A GRANDE BATALHA CONTRA UM POTE DE MAIONESE E A VITÓRIA DO BEM SOBRE O MAL!

Da série: Contos pra sentir vergonha alheia

*Por Antônio F. Bispo

A irmã *Maria Santonilda está muito satisfeita hoje! Com a respiração ofegante e mãos tremulas ela está finalizando uma transmissão ao vivo em seu grupo de oração. Sente-se realizada e com a sensação de missão cumprida pelo grande feito que acabara de realizar.

Ela travou sozinha uma batalha contra um maligno pote de maionese e venceu!

A batalha se deu no seu pequeno quintal de 2x6 metros. Tudo foi transmitido ao vivo e ainda registrado para posteridade pelos seus seguidores, os irmãos do grupo Manto, Mistério e Retété.

Como líder e fundadora do grupo, todos os membros foram intimados a assistir tal cena épica, permanecendo sempre em “espírito de oração” em seus lares, ainda que distantes, para que a vitória dela fosse certa contra esse inimigo ardiloso.

Como todo fiel costuma dizer, deus usa os seus servos de diversas formas.

Esta mulher já tinha sido “usada por deus” diversas vezes para os mais variados propósitos.

Cada batalha mais árdua que a outra. Antes dessa, sua última missão tinha sido a de destruir uma imagem de gesso do santo padroeiro da cidade.

Ela fez isso pela madrugada com a rua vazia. A lâmpada da praça que iluminava o oratório tinha sido quebrada um dia antes “pelo poder da oração”, para que “deus” pudesse agir por meio dela sem nenhum embaraço. “Deus prepara tudo” - ela sempre dizia!

Agora, naquela gloriosa manhã, a irmã Santonilda estava mais uma vez sendo usado por deus para vencer o diabo, que segundo ela, em forma de produto um alimentício, entrava no lar das pessoas para destruir vidas, famílias, casamentos, empregos e até causar câncer nestas, sem que estas “saibam” que estão ingerindo um produto perigoso, criado possivelmente pelo próprio “coisa ruim” já que o rótulo estampava os dizeres tenebroso: “homens do inferno”!

Era isso que estava escrito no rótulo do pote. Ela lera e repetira dezenas de vezes aquela frase e se perguntava como alguém poderia ser tão cego de não enxergar aquilo?

Ao mesmo tempo ela sabia a resposta: somente uma pessoa como ela, com a vida no altar, que seguia todos os ditames da igreja e que fazia jejuns e orações constantes estava apta a enxergar tal armadilha do inimigo. Por isso as pessoas comuns não enxergavam.
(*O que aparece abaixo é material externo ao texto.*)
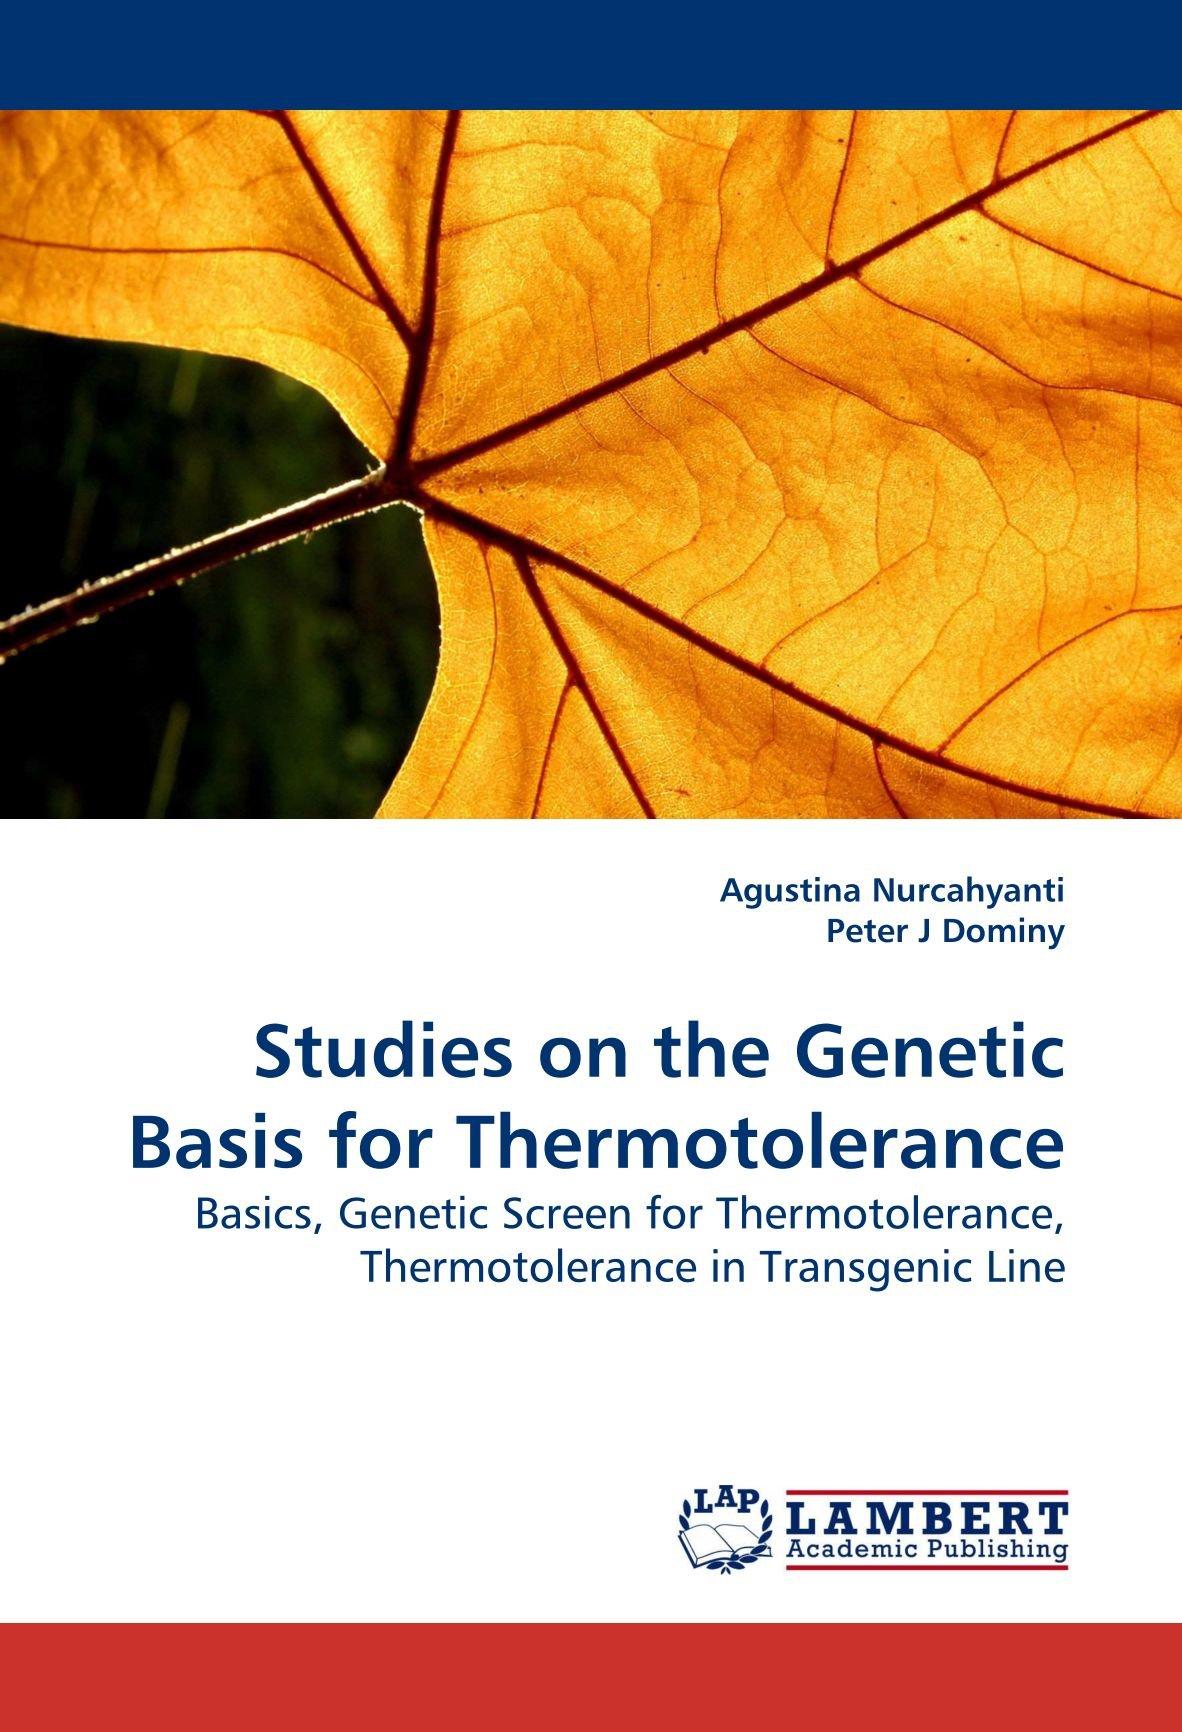 Studies on the Genetic Basis for Thermotolerance: Basics, Genetic Screen for Thermotolerance, Thermotolerance in Transgenic Line PDF
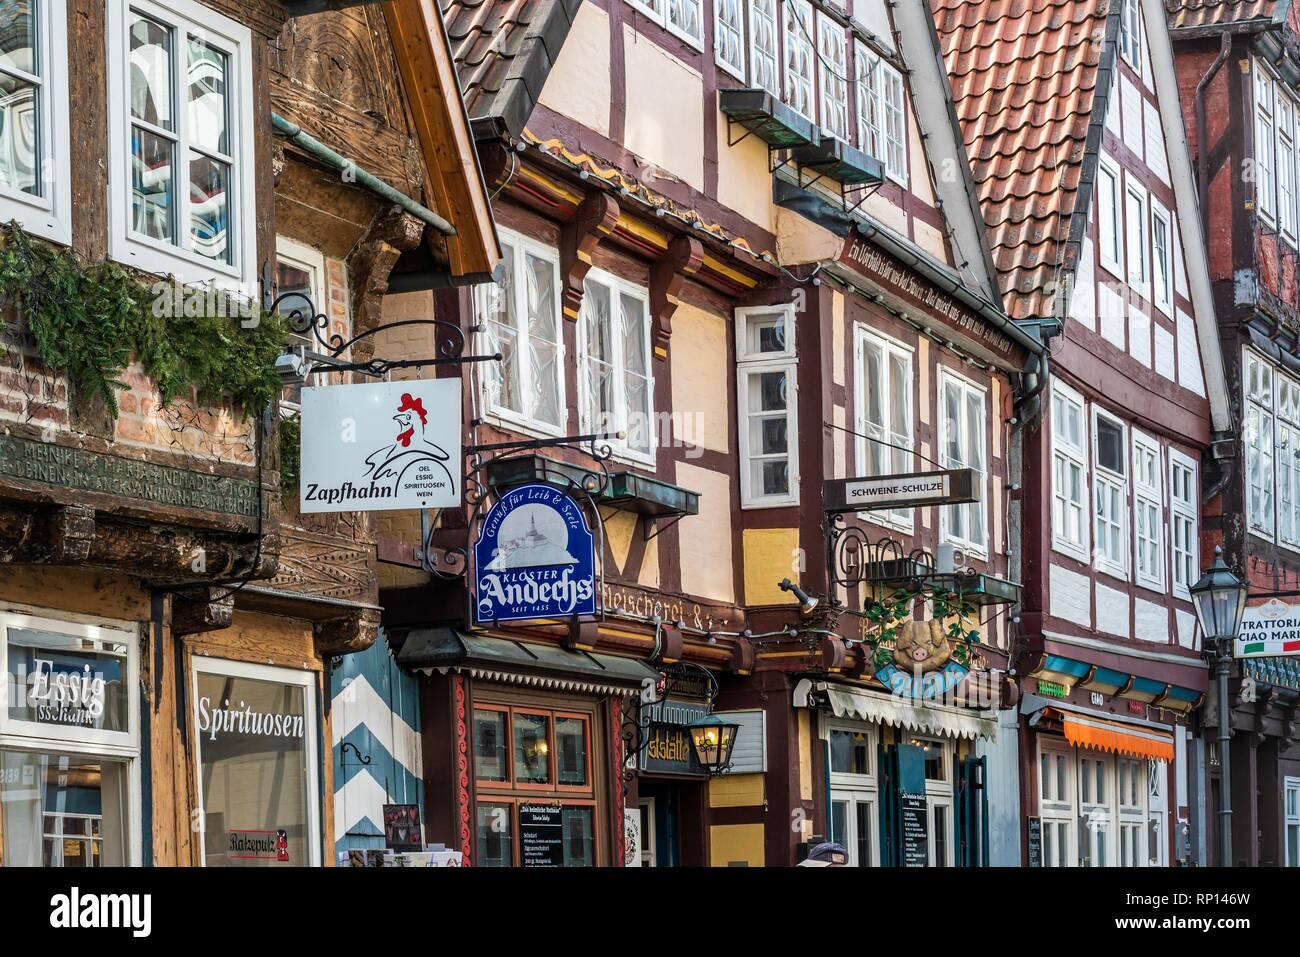 Fachwerkhäuser in der Celler Altstadt - Stock Image

Ela não era comum! Era ungida, batizada nas águas, no fogo e no espírito, além de profeta, missionária, dirigente de círculo de oração e a mais fervorosa líder de grupo de oração nos montes que a igreja já tinha visto!

Ela sentia prazer em repetir isso todos os dias para si mesma e para todos, mesmo sem que ninguém perguntasse. Mais prazeroso ainda era saber que estava sendo útil em missões tão secretas e que por diversas vezes já tinha salvo a humanidade dos ardis do inimigo, mesmo sem ser reconhecida por muitos de tal missão, mas se alegrava em saber que um dia seria recebida na glória pelo próprio deus por fazer feitos tão notáveis como esses, o de lutar e vencer um pote de maionese, de quebrar imagens de santos de gesso, de atanazar gays, satanizar ateus e de refutar qualquer um que assim como ela não estivesse na “igreja verdadeira”. Ah...como era prazeroso pensar em tudo isso!

Fazer prosélitos ao seu modo de crer e ser, era o seu segundo maior trunfo. “O mundo precisa de mais pessoas assim” - ela pensava consigo mesma!

Na transmissão, enquanto se gloriava de seu feito heroico, dizia que toda honra e glória era pra jesus. Era um misto de orgulho com arrogância, fruta de uma paranoia peculiar aos que compartilham de tal inutilismo.

Ser um instrumento de deus é o que ela mais almeja, principalmente se fosse para trabalhar no mistério, no oculto e no escondido! Serviços que só que tem a visão do espírito é capaz de enxergar, como ela mesma dizia sempre.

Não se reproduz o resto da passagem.